Kondisi Candra Naya persis seperti yang digambarkan oleh Bapak Lieus Sungkarisma, yang kutipannya sebagai berikut :
“Para pengurus perkumpulan Sing Ming Hui (Candra Naya) diduga ketakutan, sehingga tidak berani melawan saat aset mereka diperjualbelikan oleh Ketua Yayasan Kesehatan Sumber Waras (YKWS) Kartini Muljadi.
Sebab penjualan aset Sing Ming Hui melibatkan pengusaha kelas kakap yang terkait dengan Istana dan juga Gubernur DKI Basuki Tjahaja Purnama (Ahok).
Dugaan itu disampaikan tokoh Tionghoa di Jakarta, Lius Sungkharisma saat ditanya Aktual.com mengapa pihak Sing Ming Hui (Candra Naya) seperti tak berdaya dengan penjualan aset mereka ke Pemprov DKI ataupun ke CKU sebelumnya.” Selengkapnya lihat di Kartini-Jan Darmadi-Ahok, Penyebab Bungkamnya Candranaya di Kasus Sumber Waras
Apakah betul sinyalamen yang sering kita temui di media, bahwa sekarang ini dibawah Presiden Jokowi, pengusaha lebih berkuasa dari penguasa?. Bila kita melihat kasus yang menimpa PSCN, sangat jelas pengusaha Konglomerat Wanita Kartini Muljadi dengan kekuasaan dan uangnya mampu mengatur aksi penindasannya terhadap I Wayan Suparmin, ketua PSCN dengan memanfaatkan instrument hukum di Negara ini, bahkan KPK pun tampaknya sudah berubah menjadi Komisi Perlindungan Koruptor.

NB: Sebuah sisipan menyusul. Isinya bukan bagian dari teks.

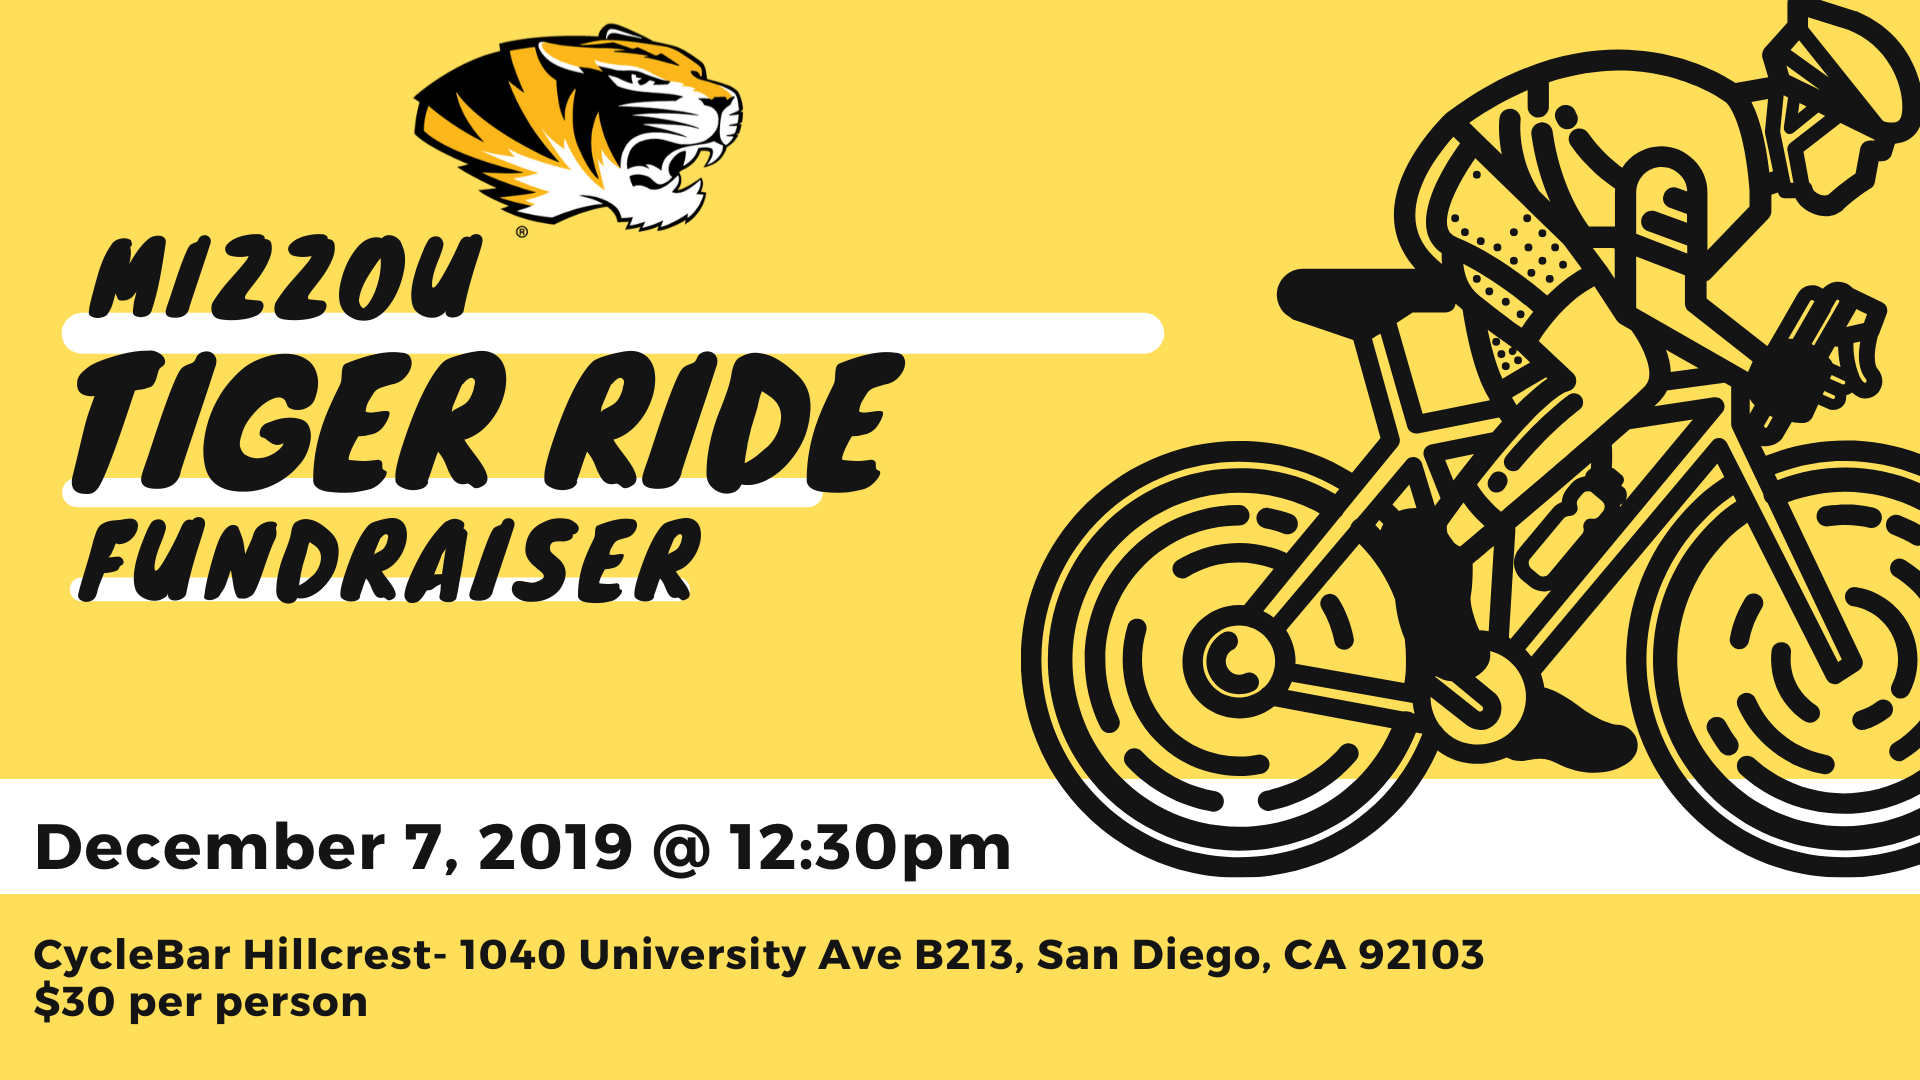 Mizzou Tiger Ride Fundraiser!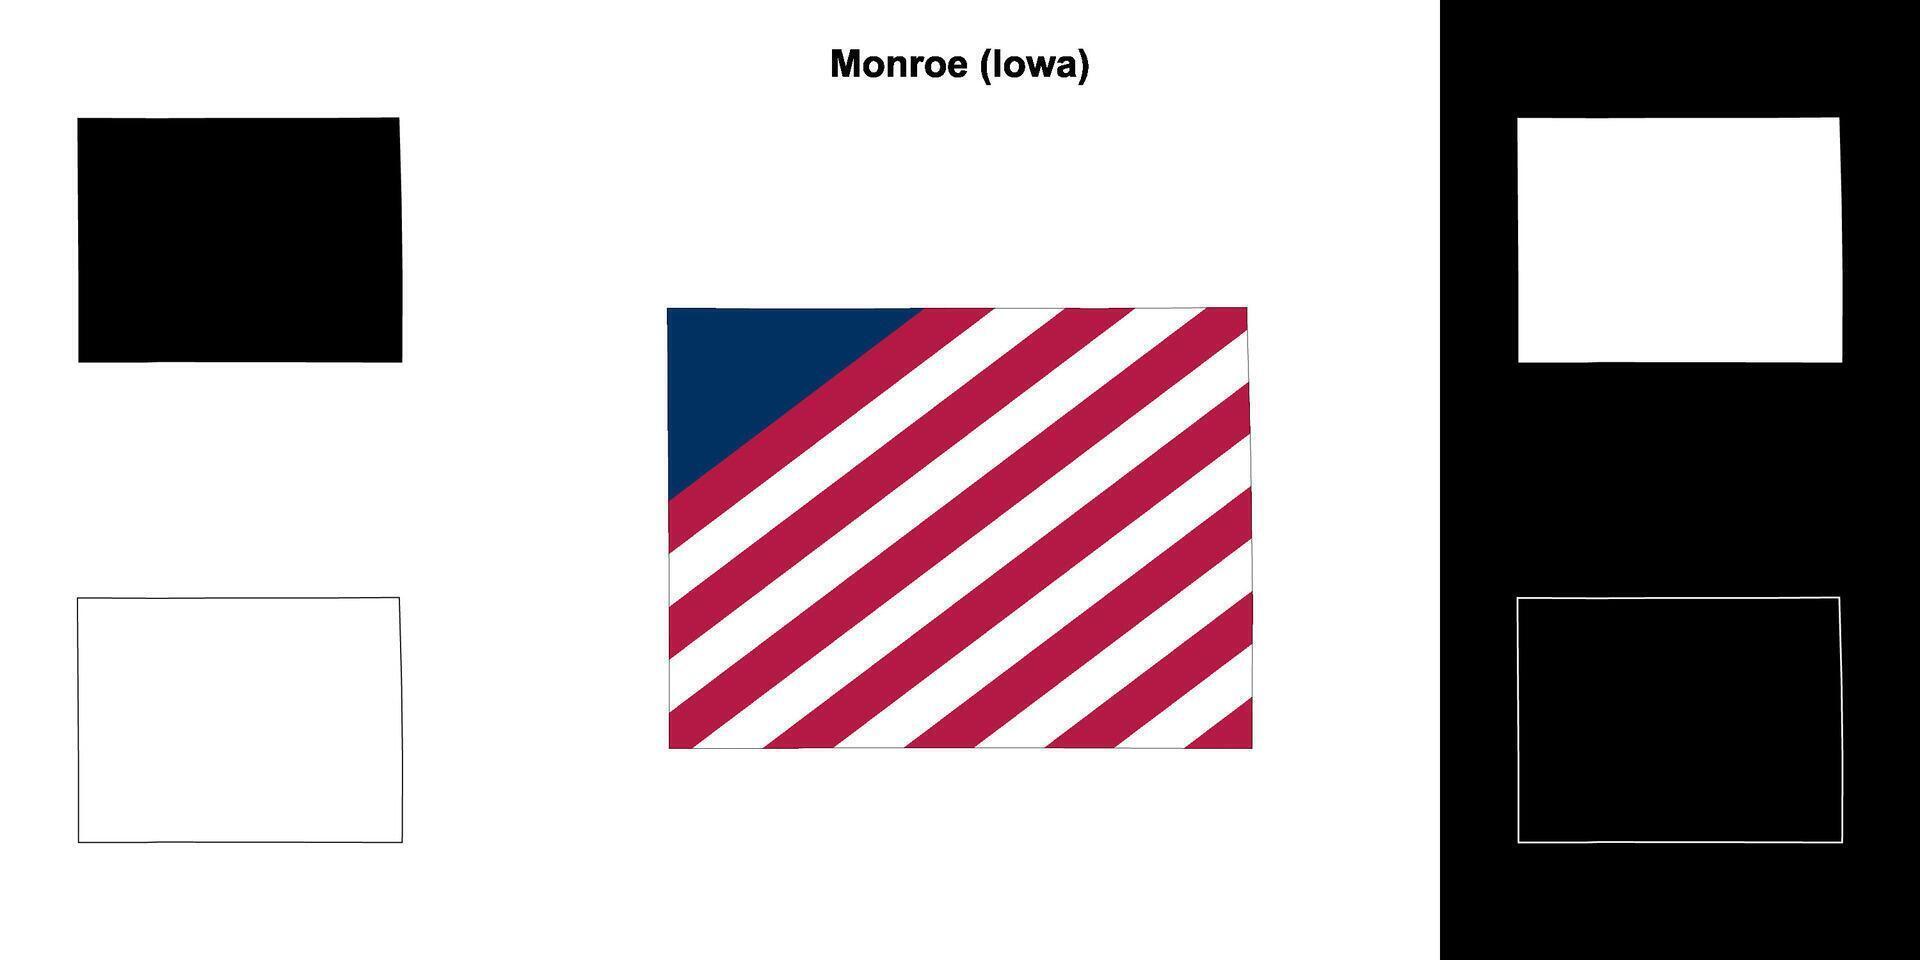 Monroe condado, iowa esboço mapa conjunto vetor

Semoga bapak Presiden Jokowi dan segenap masyarakat yang masih mendambakan tegaknya keadilan di NKRI tercinta ini mau secara serius bersikap menentang segala ketidak adilan, membatasi kesewenang-wenangan dari konglomerat dalam merampas hak-hak rakyatnya. Dan tidak membiarkan Perhimpunan Sosial Candra Naya yang pada saat Republik ini berdiri sudah memainkan peranan yang sangat besar dalam membantu masyarakat yang kesusahan dan tertindas.
Bapak Ketua Perhimpunan Sosial Candra Naya, I Wayan Suparmin, adalah bukti nyata sebagai manusia langka yang mewarisi sikap para pendirinya, yaitu tidak bersedia melakukan persekongkolan dengan Kartini Muljadi dalam menguras asset kekayaan Candra Naya di RS Sumber Waras, Wayan lebih rela menanggung siksa derita di penjara dari pada menerima uang haram puluhan millyar yang ditawarkan pihak Kartini Muljadi. Bila saja Wayan menerima, maka hari ini bukan Rp.755M uang Pemprov hilang, melainkan Rp.1,9T (harga seluruh lahan seperti yang ditawarkan dalam iklan rumahdijual.com tanggal 11 Juli 2015) uang Pemprov DKI berpindah ke kantong Kartini Muljadi tanpa bisa BPK mempermasalahkannya!. Bukankah Ahok selalu mengatakan "ingin membeli semuanya"?